Research at the University of Canterbury helped develop the techniques used by engineering consultancy WSP Opus. The building has since won awards for its innovative use of wood in an engineering project.
High power bracing
When opened last year, the New Wilshire Grand Center became the tallest building on the Pacific Coast of America (though still easily eclipsed by the One World Trade Centre on the East Coast).
However, California’s propensity for seismic activity made it a tricky project in its own right. Testing the original model against historic data from 11 earthquakes showed the upper levels whipping from side to side at a potentially greater acceleration than a NASA shuttle launch.
A key part of the answer was to support the concrete core with a series of outriggers that could reinforce the building.
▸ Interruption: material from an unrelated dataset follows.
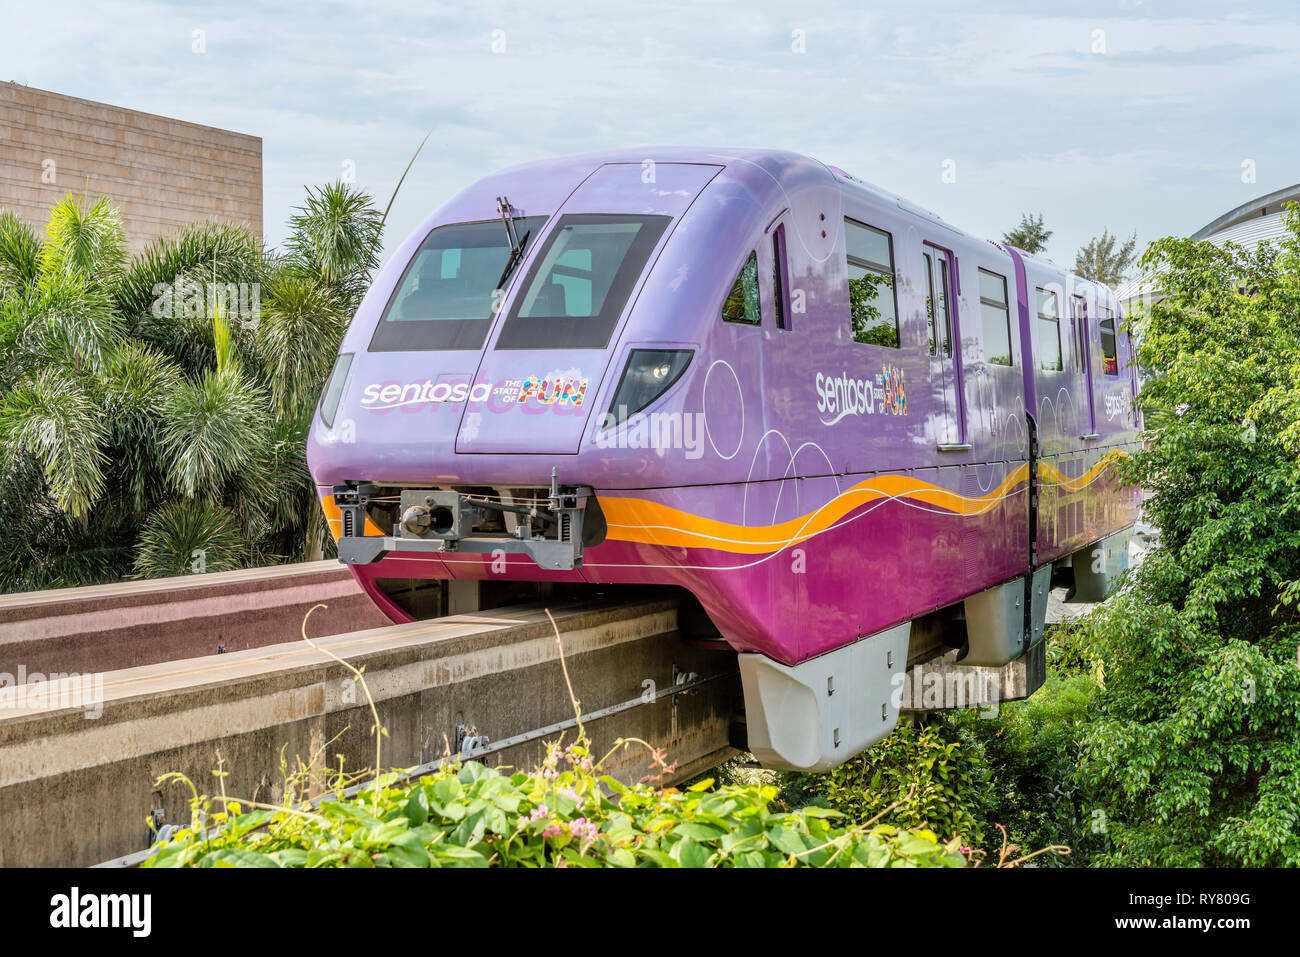 Sentosa Express Island Monorail train, Singapore |  Sentosa Express Island Monorail Zug, Singapur - Stock Image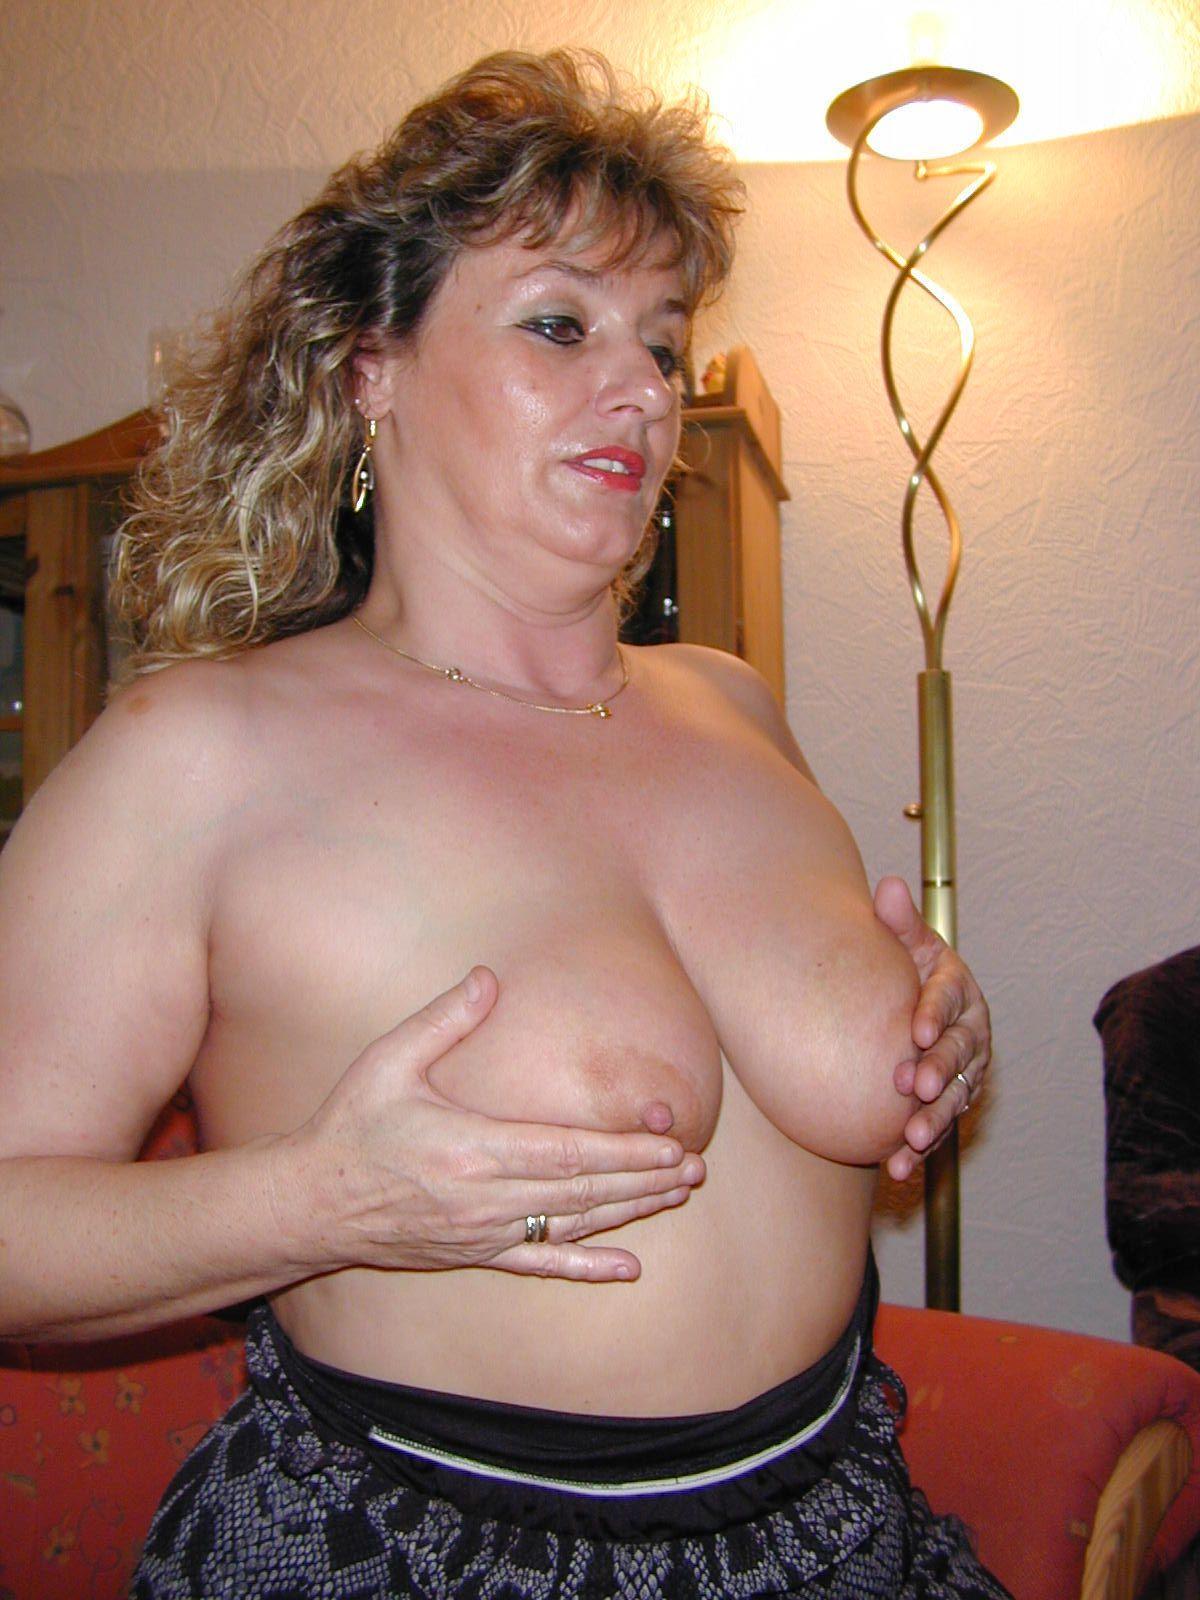 This mature milf gf porn galleries please

But further tests revealed that the energy being transferred was so substantial it could end up damaging the concrete itself.
So more than 170 buckling restrained braces were added to yield or stretch and soak up the forces. The use of braces is not new, but the New Wilshire Grand now has the highest capacity system anywhere in the world. Just fitting the top one required loading each brace with one million pounds of force. And their dramatic shape has been left exposed as part of the design.
Retrofitting
While new buildings can explore the latest earthquake-resistant technologies, old buildings need protection too, though retrofitting many of the latest solutions can be all but impossible.
One technique that does work is carbon fibre wrapping. Concrete support columns are swathed, sometimes several times, with a mix of carbon fibres and bonding polymers before epoxy is pumped into the gap between the concrete and the wrap. This greatly increases the columns’ strength.
Going one step further, Japanese architect Kengo Kuma retrofitted earthquake resistance into the three storey Komatso Seiren offices in Nomi by wrapping the entire building in the material, creating a carbon fibre curtain around it, making a statement of how earthquake resistance and aesthetics can combine.
In total, 1031 carbon fibre rods are tethered from the roof to the ground (with a further 2778 inside) to pull the building back into shape when an earthquake moves it.